Wilmeth was elected president of the Canadian Archaeological Association and served from 1974 to 1975.

Wilmeth died on August 19, 1981, near Anahim Lake, British Columbia.

==Impact on archaeology==
Wilmeth's archaeological accomplishments at the Kansas Historical Society created the position state archaeologist, one that had not existed before. He pushed the argument that there were enough archaeological resources and collections, especially when combined with the newly forming highway salvage archaeology program, to require a formal position to manage archaeological resources and activities. This position was created at the Kansas Historical Society in 1960, with Wilmeth as the first State archaeologist.

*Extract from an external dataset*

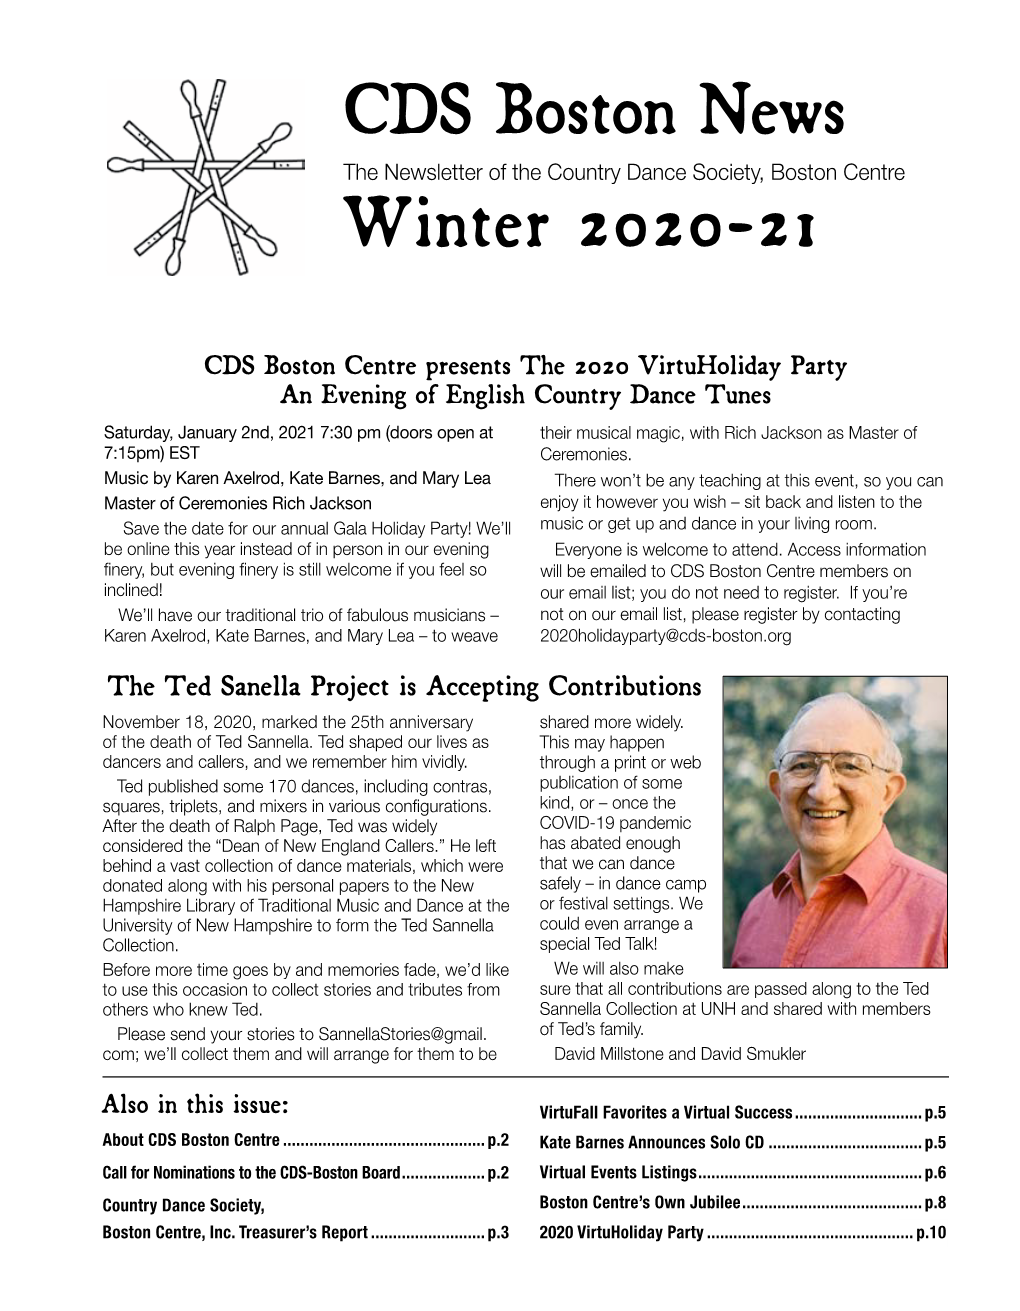 CDS Boston News Winter 2020-21

Today, the archaeology program at the Kansas Historical Society has grown into staff of several archaeologists and assistants directed by the state archaeologist. The archaeology program still operates the highway archaeology program and Federal NRCS projects according to section 106 of the National Historic Preservation Act of 1966.

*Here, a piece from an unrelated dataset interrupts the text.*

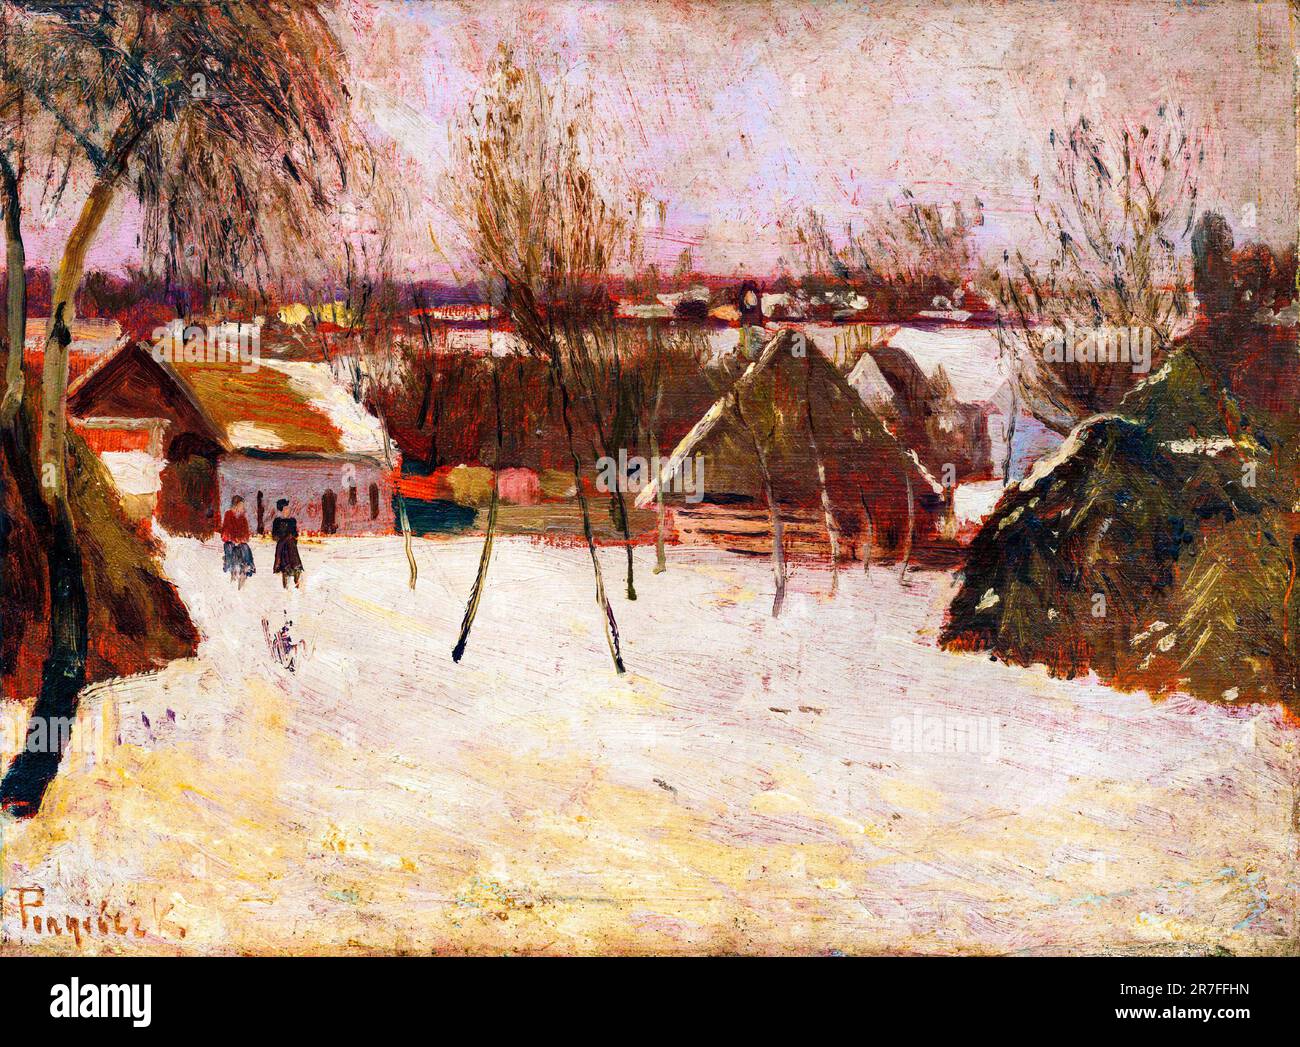 Village in winter, Karol Pongracz Stock Photo

During the 16 years that Wilmeth was at the National Museum of Man, he directed a vast amount of archaeology there. His contributions to the use of radiocarbon dating and investigations into the prehistory of Athabaskan and related Chilcotin cultures has benefited Canadian and North American archaeological data. His nomination to presidency of the Canadian Archaeological Association for 2 years exemplified his authoritative status in the realm of Canadian archaeology.

==Publications==
- 1956 Cuyamungue Pueblo. Thesis (MA)—Albuquerque: University of New Mexico.
- 1958 Appraisal of the Archaeological Resources of the Pomona and Melvern Reservoirs, Osage County, Kansas. Submitted to the US National Park Service.
- 1958 Report of the Investigations of the Payne Site, 39WW302, Walworth County, South Dakota. South Dakota Archaeological Commission, Archaeological Studies, Circular No. 8. Pierre.
- 1959 Present Status of the Archaeology of the Kansa Indians. Kansas Anthropological Association, 7(4): 53–56.
- 1960 Kansa Village Locations in the Light of McCoy's 1828 Journal. Kansas Historical Quarterly, Vol. 27, No. 2.
- 1969 Canadian Archaeological Radiocarbon Dates. National Museum of Canada, Bulletin 232, Paper No. 3. Ottawa.
- 1969 Canada Before Cartier; A Prehistoric Outline. National Museum of Man, Ottawa.
- 1970 Chilcotin Archaeology. Canadian Archaeological Association, Bull. 2. Ottawa.
- 1970 Excavations at Anahim Lake, B.C. Newsletter of the Archaeological Society of B.C., Vol. 2, No. 2, Vancouver.
- 1970 Excavations in the Pomona Reservoir. Kansas State Historical Society Anthropological Series, No. 5. Topeka.
- 1971 Historic Chilcotin Archaeology at Anahim Lake, British Columbia. "Aboriginal Man and Environments on the Plateau of Northwest America." University of Calgary Archaeological Association.
- 1972 Radiocarbon Dating: Friend or Foe? Arch Notes, 72(4). Ontario Archaeological Society, Inc. Toronto.
- 1972 The Woodland Sequence in the Central Plains. Unpublished PhD dissertation, University of Michigan, Ann Arbor.
- 1975 The Protohistoric and Historic Athabaskan Occupation of British Columbia: The Archaeological Evidence. Western Canadian Journal of Anthropology, Vol. 5, No. 3-4. 4-20.
- 1977 Chilcotin Archaeology: The Direct Historic Approach. "Problems in the Prehistory of the North American Subarctic: The Athabaskan Question." Proceeding the 9th annual conference of the archaeological association of the University of Calgary.
- 1978 Canadian Archaeological Radiocarbon Dates (Revised Version). National Museum of Man, Mercury Series, Archaeological Survey of Canada, Paper No. 77.
- 1979 Anahim Lake Archaeology and the Early Historic Chilcotin Indians. National Museum of Man, Mercury Series, Archaeological Survey of Canada, Paper No. 82.
- 1979 An Athabaskan Hypothesis. Canadian Journal of Archaeology, No. 3. 33–40.